The environment of the Colca Valley region is nearly ideal for full-coverage survey methods, given the fact that alluviation is very localized and surficial visibility is excellent during the dry season (May-November). Sites destroyed by the construction of agricultural terraces on the slopes of the valley, and by modern settlements (reducciones) represent the principal exceptions to this rule. While the deep fill and slope modification effected by the construction of valley side terraces necessarily buries the cultural features originally present on the original surface, it is expected that the quantity and size of sites lost by terrace construction is minimal, given the fact that such valley side terraces were built to facilitate irrigation, deepen soils, and control erosion along slopes that are so steep as to be otherwise incultivible (Treacy and Denevan 1994).
Within the project, it has been important to consistently delineate criteria for what constitutes a "site," given the fact that the entire valley could be considered a low density concentration of archaeological material. Thus, "site" is defined as a marked increase in concentration of ceramic, lithic or other cultural material in a discrete area. In this way, the survey focuses on discrete habitational, mortuary, and other special function sites. Also, in order to further ensure consistent criteria of site identification in the field, discrete concentrations of cultural material located more than 100 meters apart are considered separate sites.
II. Methodological objectives
The following constitute the principal project field objectives:
1) Locate, describe, and preliminarily date all settlements, mortuary sites, special function sites, and other cultural features visible on the surface within the survey area.
2) Locate and describe infrastructural features such as hydraulic features and transportation routes.
3) Locate and describe special resources, such as obsidian sources for stone tool manufacture or clay for ceramic production.

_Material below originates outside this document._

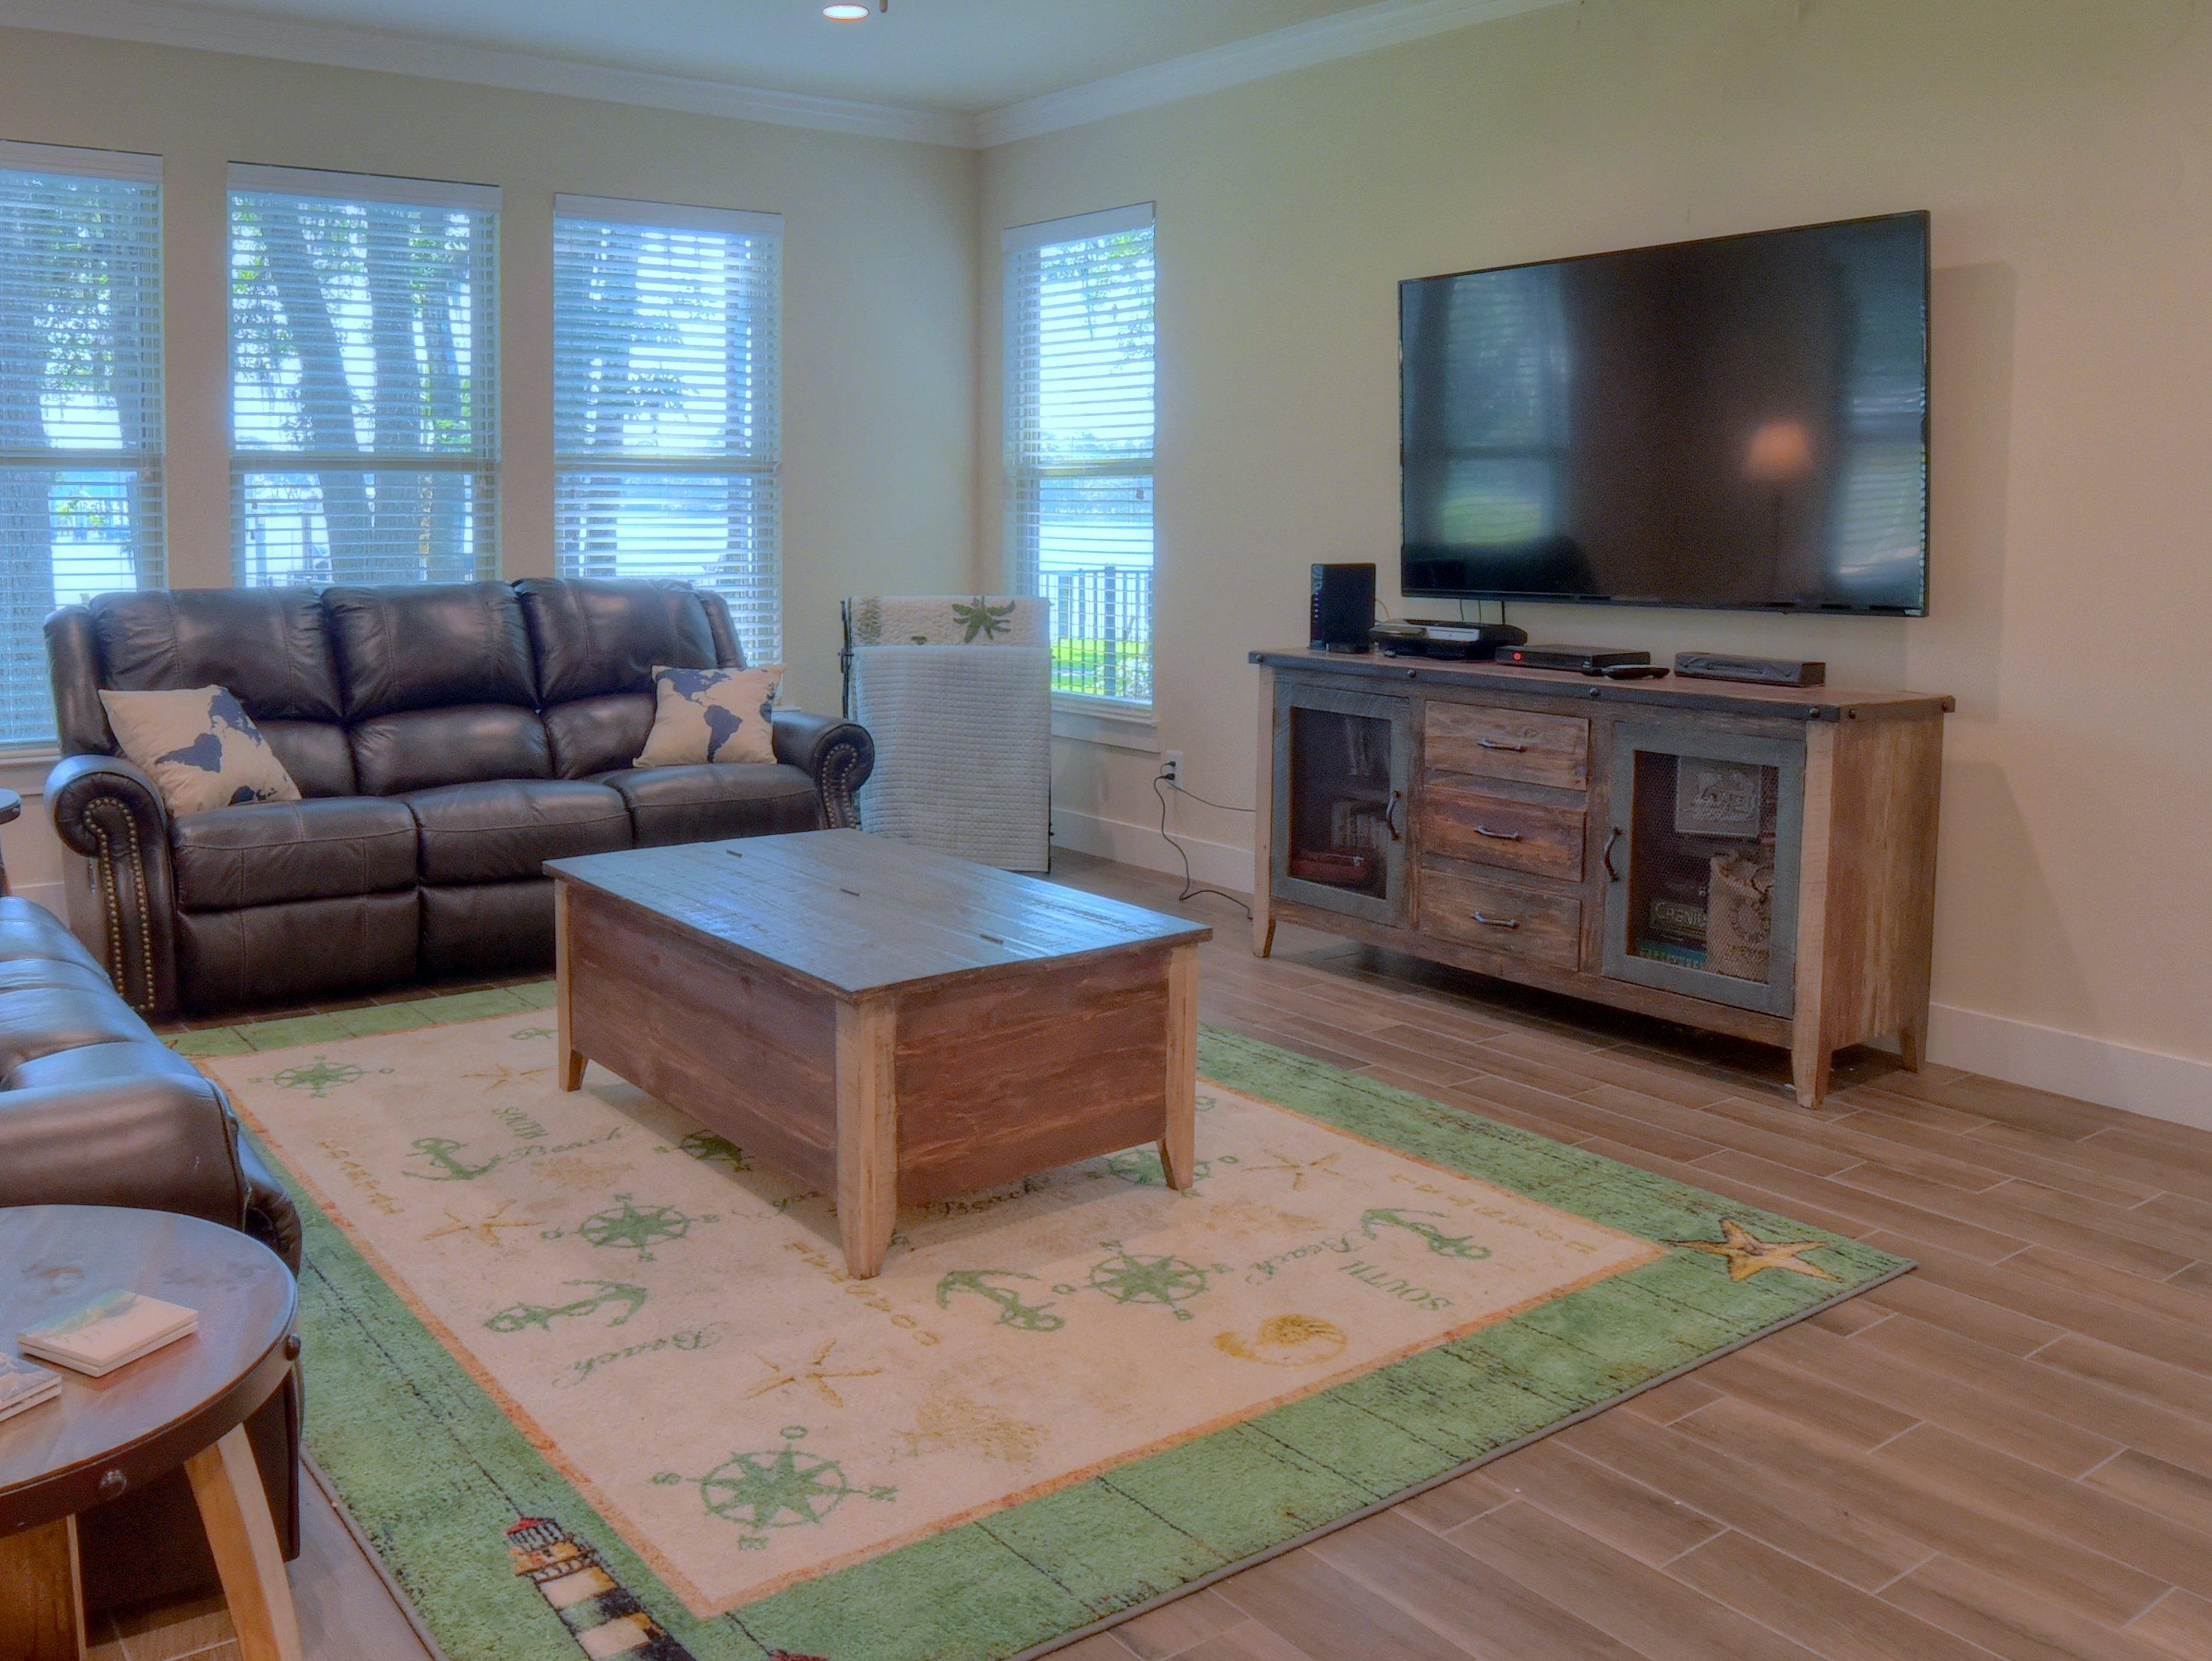 93 Beacon Point Condo rental in Sandestin Rentals ~ Cottages and Villas  in Destin Florida - #8

4) Create large-scale maps at selected sites with well-preserved architectonic remains.
III. Field Methods
Following the methods delineated by Feinman et a. (1985), Wilson (1988), Blanton et al. (1982:6-10), and Stanish (1982:6-10), we are carrying in the field sections of printed, digitized copies of airphotos of the zone at 1:5000 scale, along with copies of Ministry of Agriculture and National Geographic Institute topographic maps of the area enlarged to the same scale. The survey crew is spaced 25 to 100 meters (according to context and local terrain) and walks in transects, searching the soil surface for artifactual concentrations or other cultural features. Transects are walked until the survey limit or sector limit are reached, thus systematically covering all of the survey area. We are also registering the location of sites with a GPS receiver, in conjuction with AUTOCAD and other software (specifically, Fugawi moving map software and Golden Software's Surfer) installed on a portable PC. The use of the GPS receiver and associated software will also facilitate various forms of spatial analysis after fieldwork is completed. Site elevations are determined using the GPS point location on the topographic map.

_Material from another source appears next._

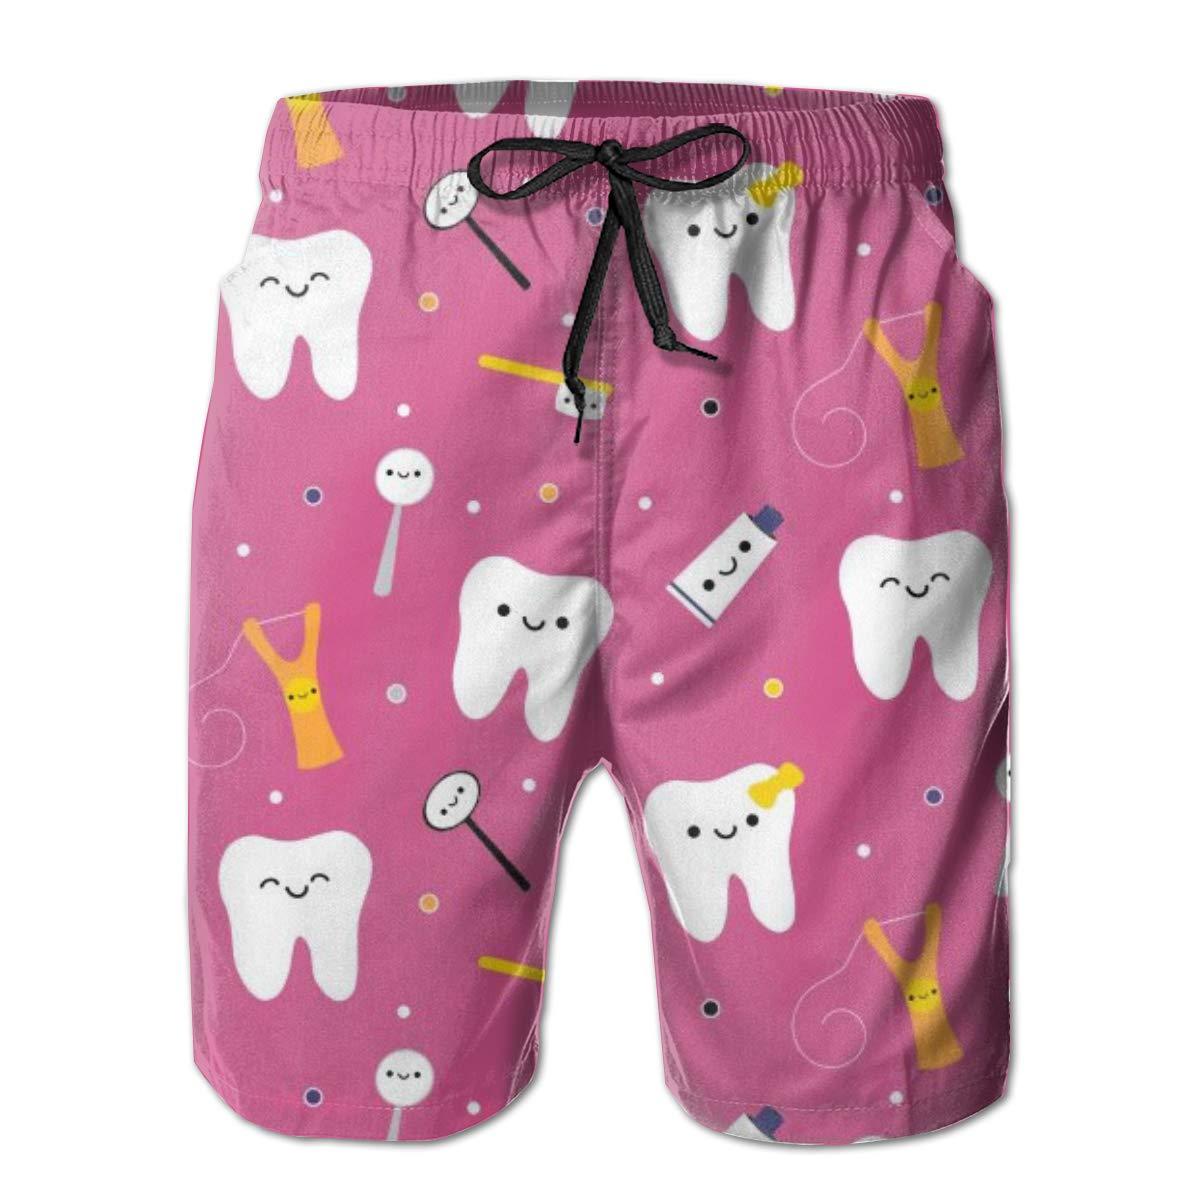 Mens Swim Trunks Dentistry Happy Teeth Friends Beach Board Shorts Quick Dry Sports Running Swim Board Shorts with Pockets Mesh Lining

Once a site is identified, the crew rejoins for completing detailed site report forms, and for collecting a representative sample of diagnostic cultural material from the surface. Site and/or component limits (as surficially evident) are also noted. At selected sites, we have created detailed architectural and contextual maps. If discrete temporal components are no distinguishible, artifact collections are made using arbitrary sectors or by architectural units (denoted on the site map). Pertinent contextual information (e.g. building wall fill vs. soil surface) are always noted in order to provide a measure of provenience resolution.